The Center of Success
In January 2014, the college’s $1.6 million Workforce Training Center opened, equipped with extra-large classrooms and workspace and state-of-the-art equipment donated by private partners, including Halliburton, BP and trona mining companies. The college designed degree and certificate programs specifically to meet the needs of these industries and hosts ongoing safety training and orientation for employees.
WWWC’s workforce development efforts extend beyond the campus into area schools as well. The college partners with businesses and Sweetwater County Schools to sponsor an Energy Academy, through which Rock Springs High School students can earn college credit for taking courses and interning in energy-related fields.
The college’s workforce development efforts are paying off for students as well. Leach says WWCC has a graduation rate of 46 percent – higher than any other college or university in the state, and higher than the national average.

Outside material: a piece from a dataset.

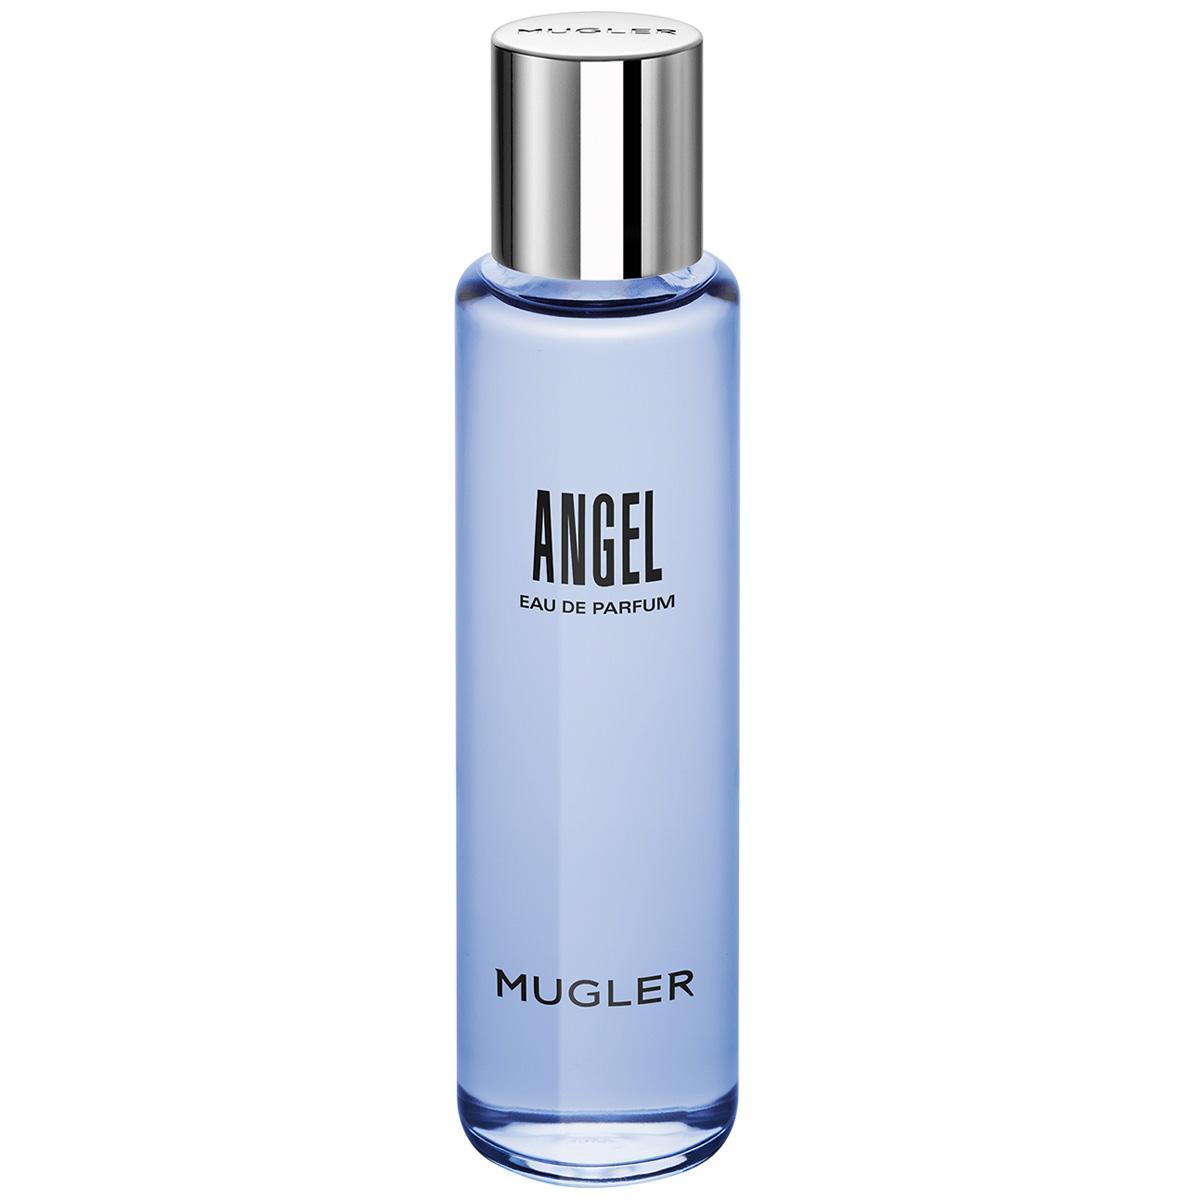 Angel Eau de Parfum Flacon Source - MUGLER

She says the college’s symbiotic relationship with the business community contributes to student success.
“Our industry partners are here on campus, and they’re extremely active,” says WWCC President Karla Leach, PhD. “They hire our students for internships, and they hire them for very good jobs when they graduate.”
The ROI of QOL
Research shows site selectors and relocation professionals rank a region’s quality of life among the top factors impacting relocation and expansion decisions, and Leach is quick point out the role the college plays in elevating the region’s livability.
The college’s new Exercise Science and Wellness Center features state-of-the-art fitness and exercise equipment and is used as a classroom and training facility for students in WWCC’s exercise science program. The center is also open to students and the public for a nominal fee.
“We’ve always had a community-focused fitness center,” Leach says, “but the Wellness Center gives us that added classroom space, so our students can get hands-on training to become fitness trainers and professionals in exercise science.”
That hands-on training gives students an advantage.
“The exercise science program at Western is unique to other undergraduate programs because of the early hands-on experience and internships they offer as part of the program,” says program graduate Elizabeth Isom. “Many students do not receive hands-on experience until their junior or senior year of college. I feel that because I was able to complete my degree at Western, I had a head start over many other students at the university level.”
Leach says the college also opens the campus to the public for a host of educational and cultural programs, such as its speakers and writers tour, theater performances and exhibits at the Natural History Museum. WWCC also operates a Children’s Center, which provides preschool classes for children of faculty, students and staff.
“When WWCC was established, leaders had a great desire to serve the entire community. For example, when the energy industry started growing and workers started moving in, the college was a way for those trailing spouses to connect to the community,” Leach says. “When people come to [Sweetwater County] to live, we want them to know that this is their community college.”
“When people come to [Sweetwater County] to live, we want them to know that this is their community college.”